By observation the average number of comments on ask posts are approximately 5 greater than the average number of comments on show posts. The number of posts in both lists are negligible, and we assume outliers in both lists are averaged out by a large enough dataset.

# Finding the Amount of Ask Post, Comments by Hour Created and Calculating the Average of Ask HN Posts by Hour
We'll first find the amount of ask posts created during each hour of the day and put them into a dictionary, likewise with the number of comments those posts received. Then we'll calculate the average number of comments on ask posts at each hour:

In [4]:
import datetime as dt
result_list = []
for row in ask_posts:
    parse = [row[6], int(row[4])]  
    result_list.append(parse)
    
counts_by_hour = {}
comments_by_hour = {}
for row in result_list:
    hour = row[0]
    comment = row[1]
    hour = dt.datetime.strptime(hour, "%m/%d/%Y %H:%M")
    hour = hour.strftime("%H")
    if hour not in counts_by_hour:
        counts_by_hour[hour] = 1
        comments_by_hour[hour] = comment
    elif hour in counts_by_hour:
        counts_by_hour[hour] += 1
        comments_by_hour[hour] += comment
        
print(counts_by_hour)
print('\n')
print(comments_by_hour)

{'02': 269, '01': 282, '22': 383, '21': 518, '19': 552, '17': 587, '15': 646, '14': 513, '13': 444, '11': 312, '10': 282, '09': 222, '07': 226, '03': 271, '23': 343, '20': 510, '16': 579, '08': 257, '00': 301, '18': 614, '12': 342, '04': 243, '06': 234, '05': 209}


{'02': 2996, '01': 2089, '22': 3372, '21': 4500, '19': 3954, '17': 5547, '15': 18525, '14': 4972, '13': 7245, '11': 2797, '10': 3013, '09': 1477, '07': 1585, '03': 2154, '23': 2297, '20': 4462, '16': 4466, '08': 2362, '00': 2277, '18': 4877, '12': 4234, '04': 2360, '06': 1587, '05': 1838}


In [5]:
avg_by_hour = []
for hr in comments_by_hour:
    avg_by_hour.append([hr, comments_by_hour[hr]/counts_by_hour[hr]])

print(avg_by_hour)

[['02', 11.137546468401487], ['01', 7.407801418439717], ['22', 8.804177545691905], ['21', 8.687258687258687], ['19', 7.163043478260869], ['17', 9.449744463373083], ['15', 28.676470588235293], ['14', 9.692007797270955], ['13', 16.31756756756757], ['11', 8.96474358974359], ['10', 10.684397163120567], ['09', 6.653153153153153], ['07', 7.013274336283186], ['03', 7.948339483394834], ['23', 6.696793002915452], ['20', 8.749019607843136], ['16', 7.713298791018998], ['08', 9.190661478599221], ['00', 7.5647840531561465], ['18', 7.94299674267101], ['12', 12.380116959064328], ['04', 9.7119341563786], ['06', 6.782051282051282], ['05', 8.794258373205741]]


# Sorting List of Lists and Printing the Five Highest Values:

In [6]:
swap_avg_by_hour = []
for hr in avg_by_hour:
    swap = [hr[1],hr[0]]
    swap_avg_by_hour.append(swap)

sorted_swap = sorted(swap_avg_by_hour, reverse=True)
print("Top 5 Hours for Ask Posts Comments")
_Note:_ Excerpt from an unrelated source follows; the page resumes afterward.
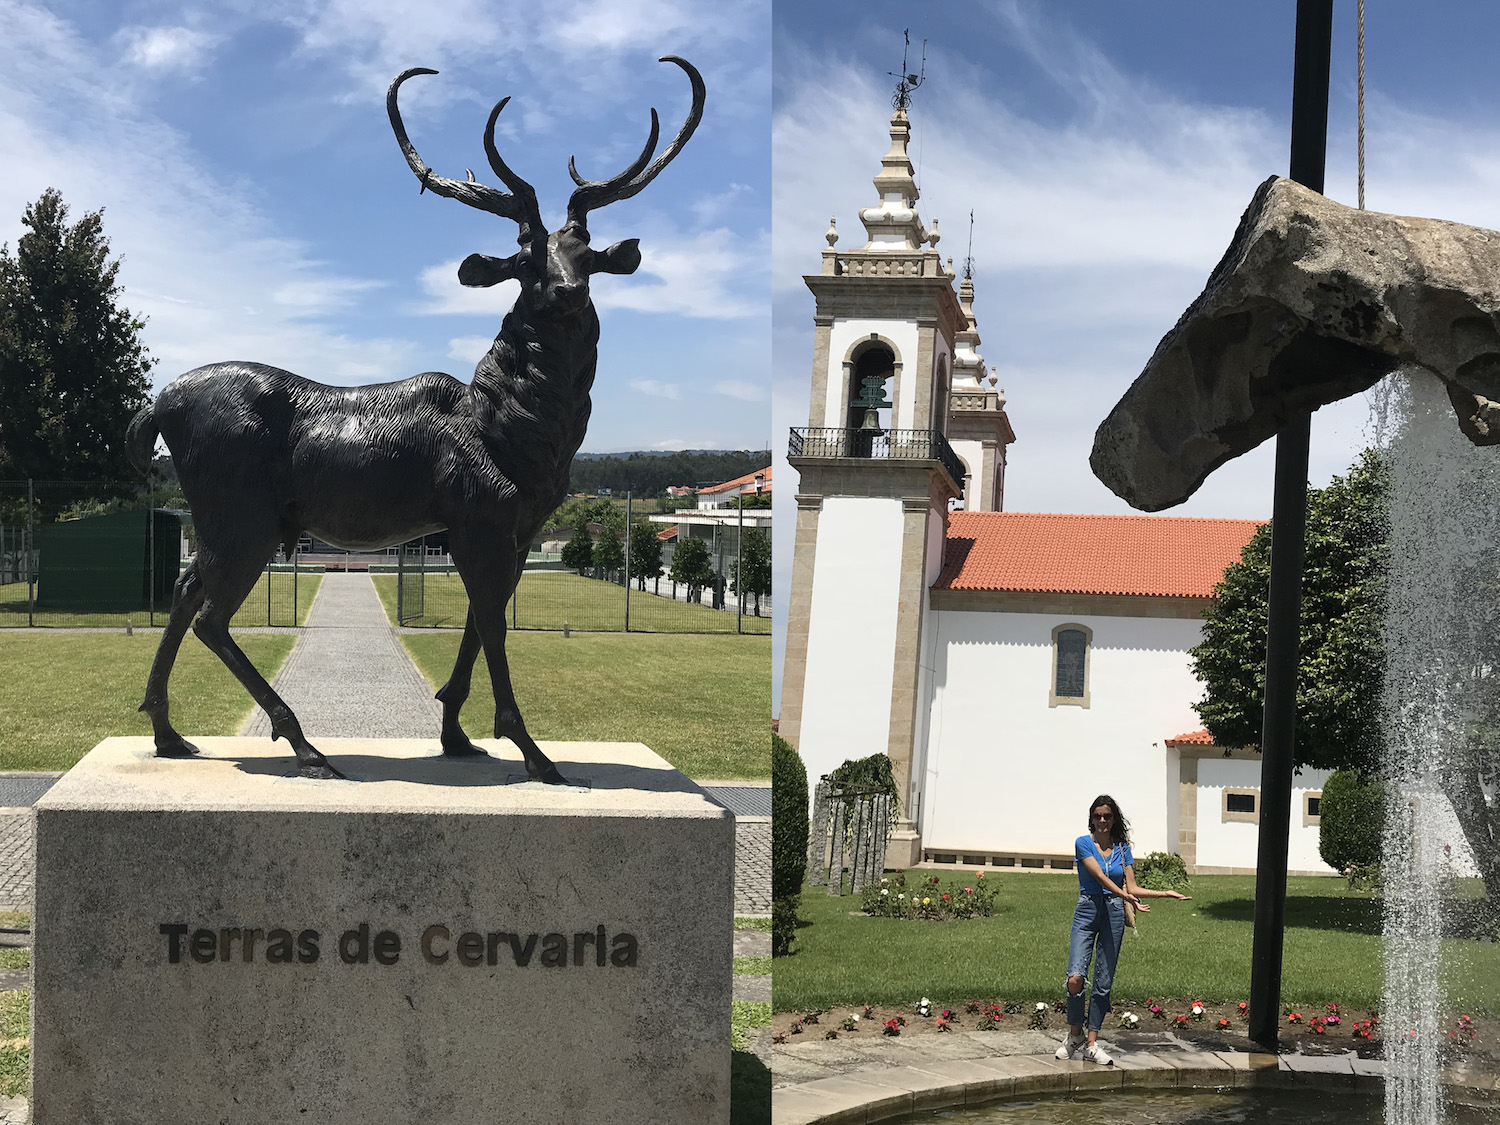 Vila Nova de Cerveira – Terras de Cervaria

for avg, hr in sorted_swap[:5]:
    print('{}: {:.2f} average comments per post'.format(
        dt.datetime.strptime(hr, "%H").strftime("%H:%M"),avg))
    

Top 5 Hours for Ask Posts Comments
15:00: 28.68 average comments per post
13:00: 16.32 average comments per post
12:00: 12.38 average comments per post
02:00: 11.14 average comments per post
10:00: 10.68 average comments per post


So the highest average comments per post is at 15:00, with 28.68 average comments per post. Note this is in Eastern timezone which would be 7pm GMT. There is a 57% difference between the two highest average comments per post timeframes.

# Conclusion
We've analysed ask posts and show posts to determine on average which type of post and time received the most comments. After analysis, we can deduce the best time to maximise the amounts of comments you'd receive when posting, of the posts that received comments, would be between 15:00-16:00pm est.